Penn Engineering Professor Awarded NASA Grant to Improve Satellite Communication
By Jacob Williamson-Rea
When someone sends a YouTube video to a friend, microwaves carry that signal from their phone to a nearby transmission station on the ground. The station then fires the signal up to a near-Earth satellite, and then the satellite bounces the signal back down to Earth to a ground station near the recipient of the video.
The same goes for cellphone calls, TV broadcasts, and more. Satellites act as a network of information mirrors, allowing us to bounce information from one side of the planet to the other.
Firooz Aflatouni, Skirkanich Assistant Professor in Penn Engineering’s Department of Electrical and Systems Engineering, has been awarded a NASA Early Stage Innovations grant to design and implement arrays of optical antennas that can enable laser communication in near-Earth satellites, which will be more efficient and carry far more information than microwaves.
When a ground station fires microwaves to a near-Earth satellite, the microwaves lose a lot of energy and diverge before arriving at the intended satellite. Aiming at a relatively tiny, constantly moving target from thousands of miles away, only a small amount of the microwave signal reaches its intended destination. This limits the range and the amount of information microwaves can carry. As a result, soon microwaves may not be able to transmit data fast enough to keep up with rapidly evolving consumer demand.
Aflatouni aims to improve this system and will design precise laser emitters capable of sharing up to 10GB of data per second between satellites. His research will be conducted in Penn’s Electronic Photonic Microsystems Lab.
The amount of information that can be transmitted per signal is a question of frequency and energy. Microwaves waste a significant amount of energy because they diverge significantly as they travel with only a fraction of the original signal actually hitting its target.
Alternatively, lasers with much higher frequency will allow the satellites and stations to send signals in tight beams rather than wide cones.
“The energy in a laser beam is very focused, so the range is much farther than the range of microwaves, and the laser frequency is much higher than that of microwaves, so more information can be packed in a beam of light than microwaves” Aflatouni says. “This will enable satellites and stations to send more information farther and more quickly.”
To achieve his aims, Aflatouni will design microchips that contain antennas called “optical phased arrays.” Optical phased arrays can steer and direct a laser without using mechanically moving parts. This has multiple benefits: parts require a motor, which adds weight and cost to a satellite, and moving parts also require energy, which is difficult for satellites to produce while in orbit.
“Motors are power hungry,” says Aflatouni. “This new system will not only be faster, it will be light, small and inexpensive instead of heavy, slow and costly. Also, by using this technology, satellites can quickly track one another in a network of near-Earth satellites.”

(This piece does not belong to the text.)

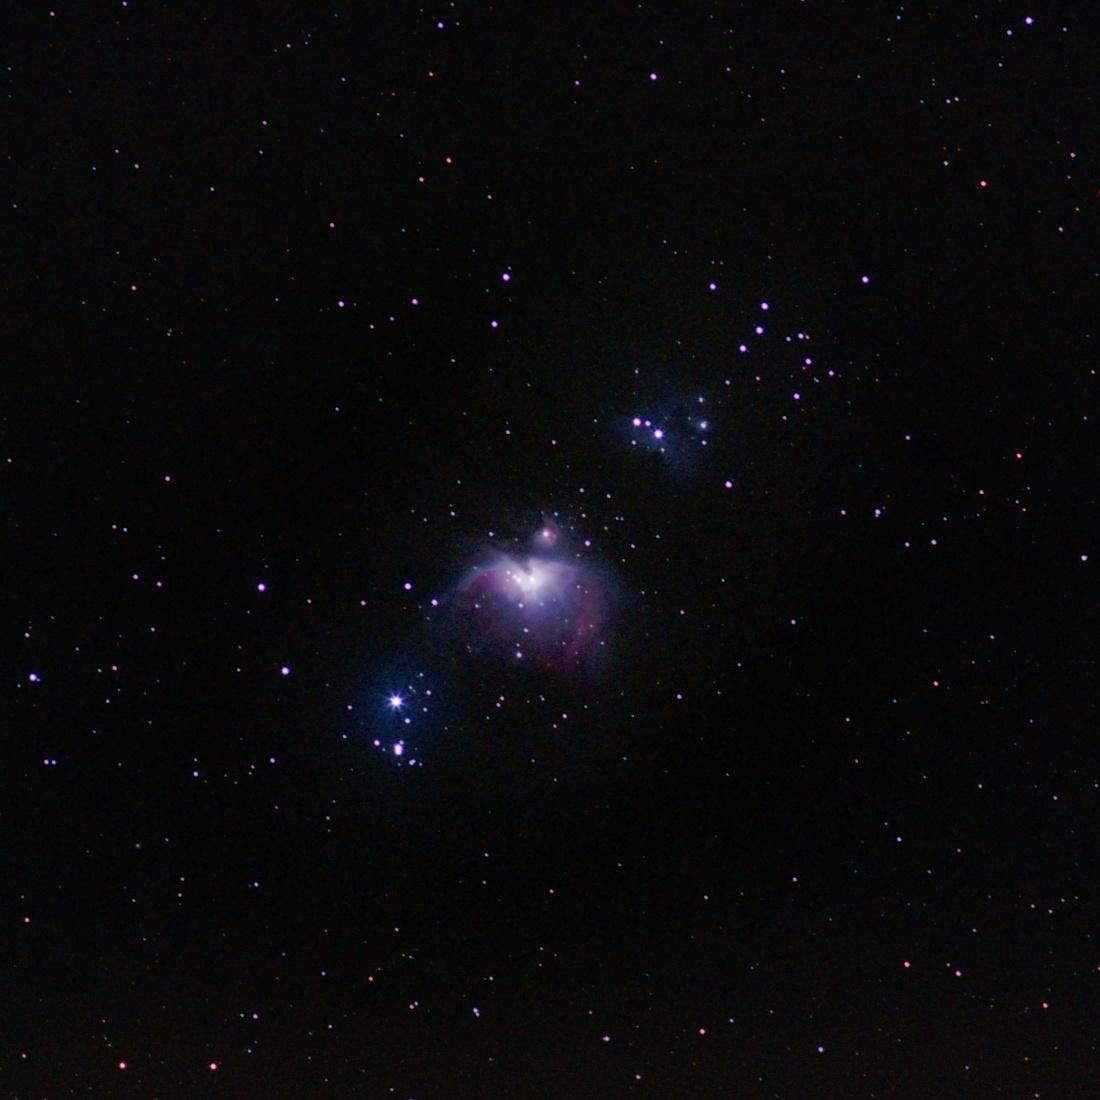 Mglawica_Oriona.jpg.bfd5408703f843edc040a0ea6e4d9845.jpg

Optical phased arrays will be placed on each of twelve sides of a dodecahedron module to provide 360-degree coverage around the satellite, enabling the ability to constantly communicate with any other satellite.
Given the range, the ability to share information at 10GB per second is unprecedented. In comparison, the modems in peoples’ homes share information at just 50MB per second.
One of the many benefits of this technology will be the ability to send videos in less than a fraction of a second thanks to the high data rate capabilities. This can potentially speed up everything from ultra HD streaming to cloud and distributed computing.
This NASA Early Stage Innovation grant of $500,000 aims “to accelerate the development of groundbreaking, high-risk/high-payoff space technologies to support the future space science and exploration needs of NASA, other government agencies, and the commercial space sector.”